De Leon says that the potential for coffee houses in the Philippines is still quite big. “We have already gone through what is called the First Wave, with our three-in-ones and brewed coffees. We are now in the Second Wave, with the espresso and cappuccino-based drinks. Elsewhere in the world, they are into the Third Wave, with shops offering cups of specialty single origin brews and nothing else.” We have not yet reached that level of sophistication according to him. It will take about five to eight more years before it catches on here.
This growing coffee culture in the country has opened a lot of opportunities for entrepreneurs and baristas. “People want to go into coffee business because it is very profitable with a very good markup. Number one chain in the world has 25,000 stores now, and every 15 hours, one of their stores opens in China. Over here, people are now choosing to go to coffee shops instead of bars and discos, and this is where they meet, study or work. Instead of having meetings at conference rooms, work teams now go out to a coffee shop,” De Leon discloses.
He says that at Allegro, they help build businesses and train baristas. One of the ways they expose the craft is through holding competitions such as these and by inviting the first Asian World Barista Champion HidenoriIzakito showcase the skills needed to be one of the best. On the business side, they are an importer and distributor of espresso machines, coffee beans, gourmet syrups and sauces. They are also a preferred solutions provider because they replace machines that they cannot fix. To help coffee shop owners set up, they offer training on how to operate the machines and show them how to brew 11 concoctions. To give an idea of how profitable it can be, he shares ROI can be achieved in just as little as 30 days, especially if you have a good location.
On the barista side, excelling in the craft can set you for life. He relates, “We export a lot of baristas. Last year, I went to a barista competition in Dublin, Ireland and I met four Filipino baristas there. We have many Filipino baristas in Doha, Qatar, Singapore, and Hong Kong. Most of the baristas on cruise ships are Filipinos. We make the best baristas because we have an innate, artistic talent.”

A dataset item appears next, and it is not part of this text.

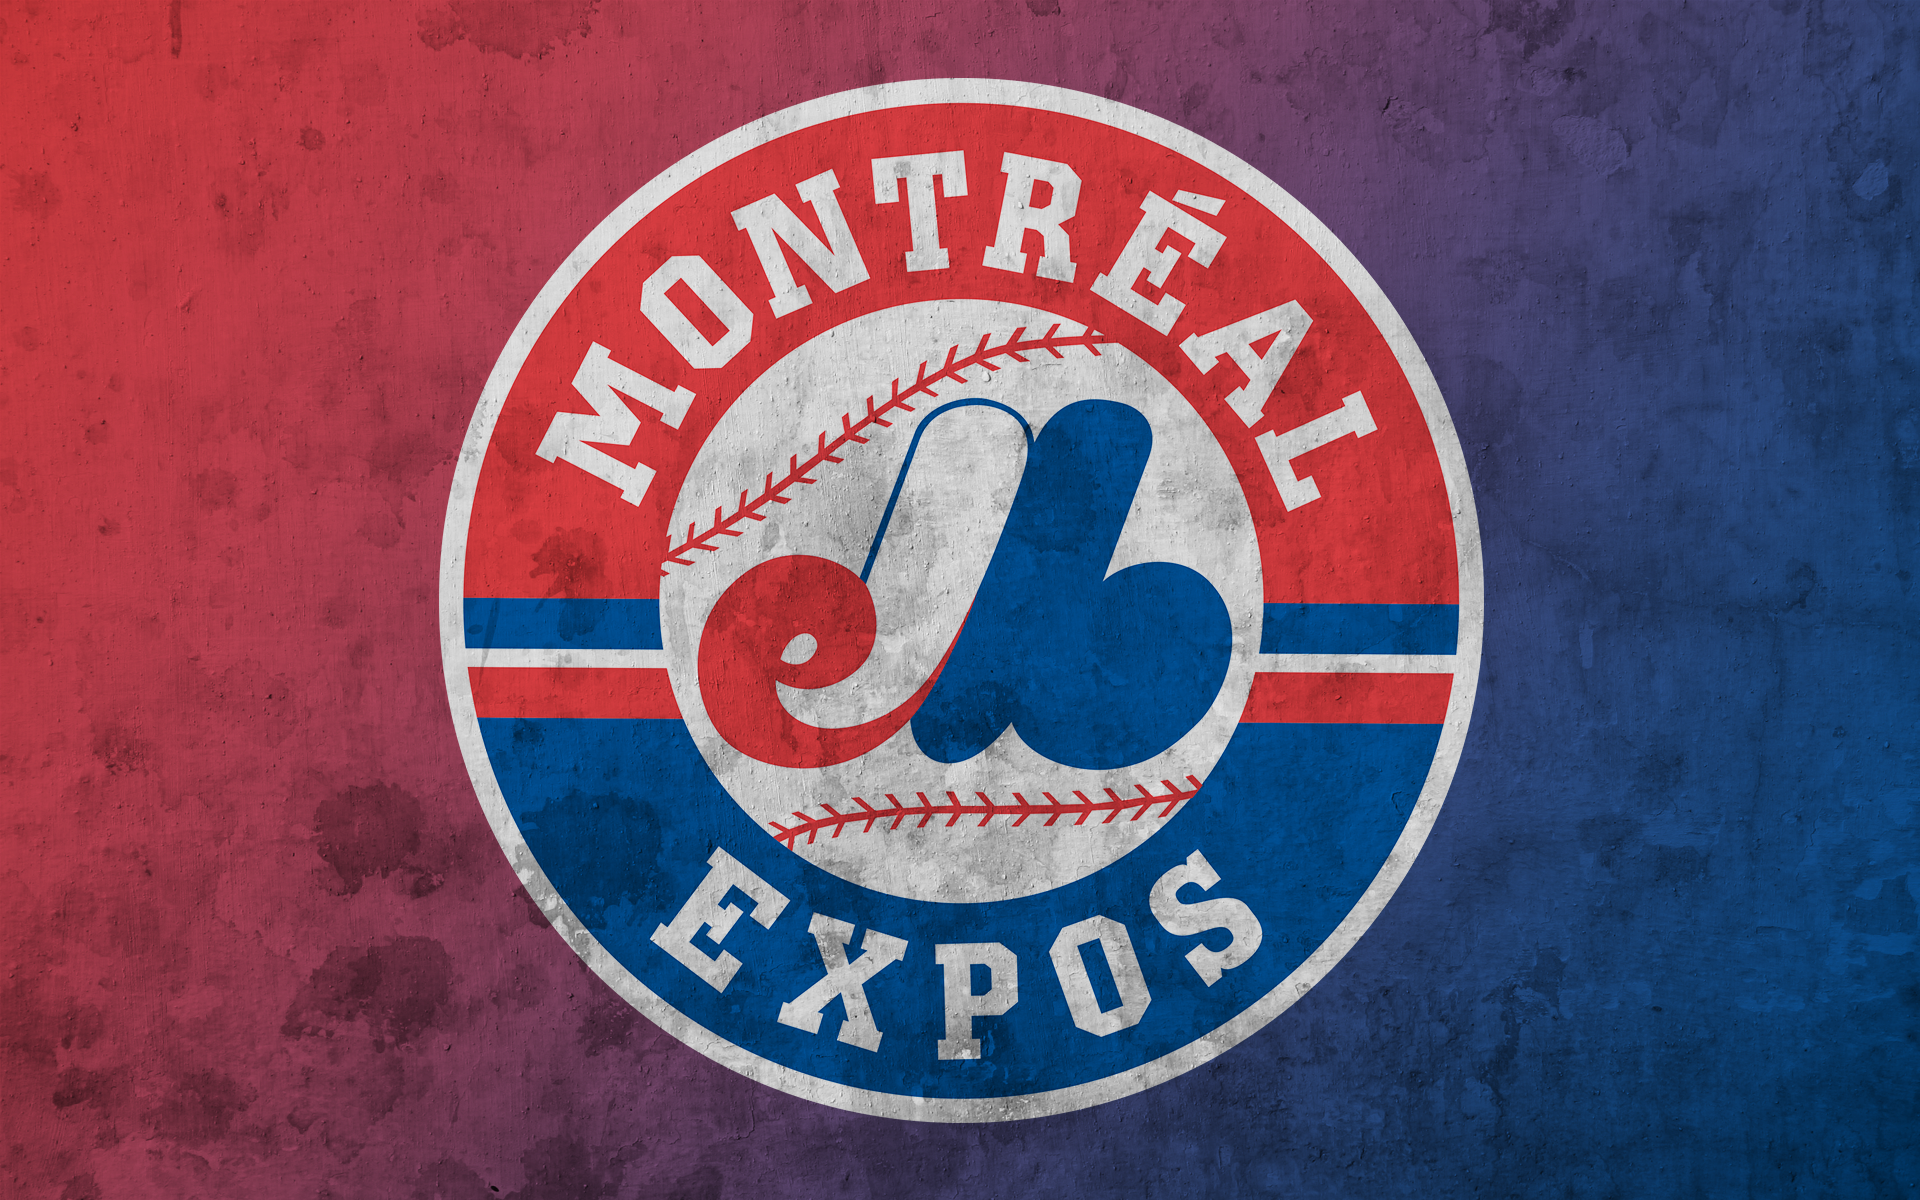 ... Expos club logo ...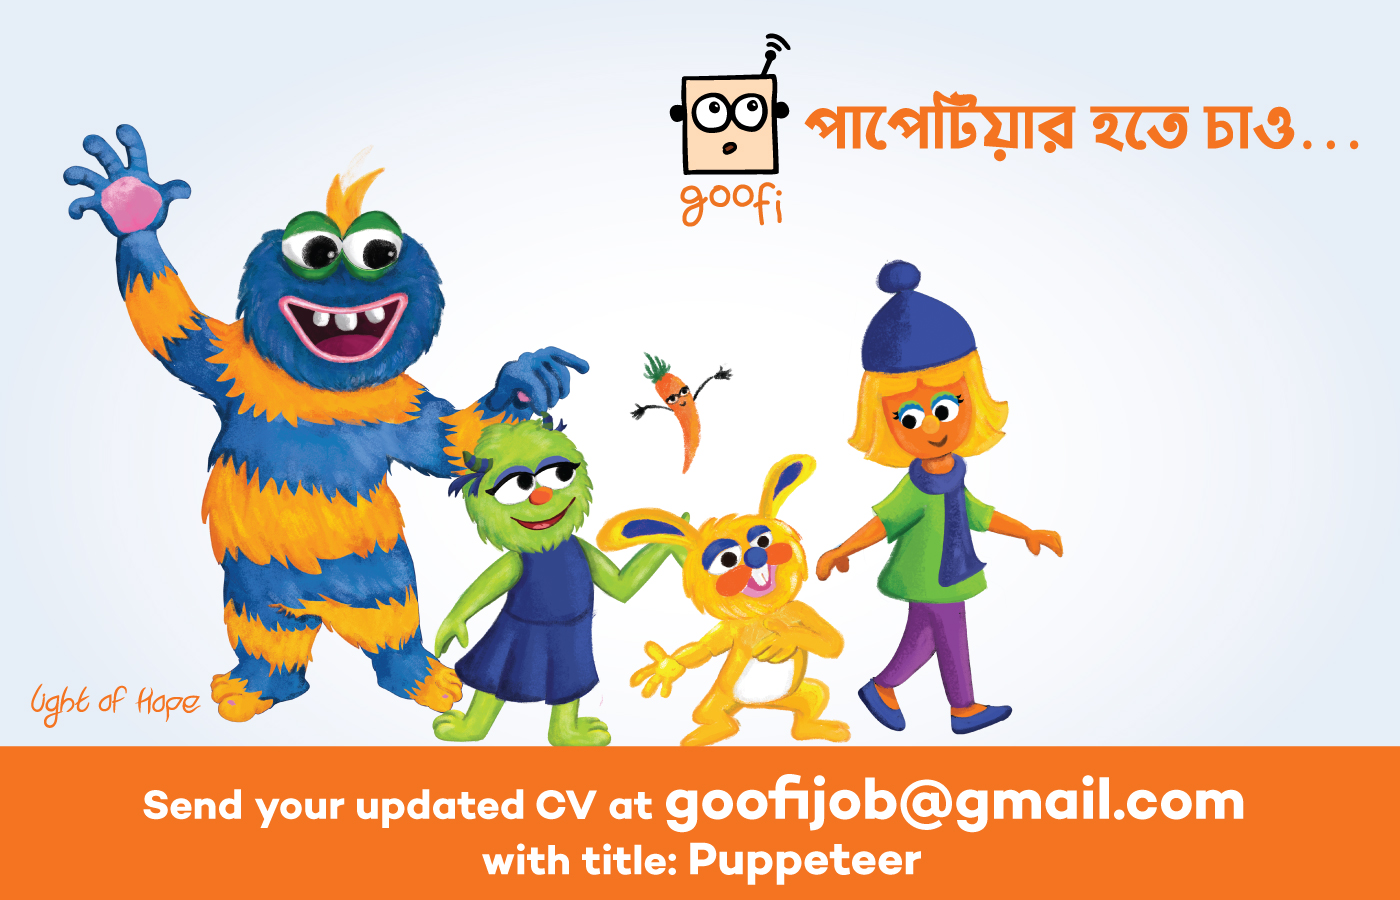 Goofi is hiring Puppeteer

De Leon encourages it as a career path. “It is a quick way to make a living. In Australia, they make $20 Aus an hour. In San Francisco, it is $20 an hour plus tips, with the usual tip being one dollar. The guys who win in the WBC can earn 1,000 Euros a day. Yes, you can earn 50, 80, to 100,000 a month without a college degree or a Ph.D.” To reach that level, he says that one can enroll in training courses, and then watch videos online, followed by many hours of practice. He likewise advises constant learning and exposure by attending trade events and joining competitions. “To be the best barista, you have to have a thirst both for coffee and for learning,” he concludes.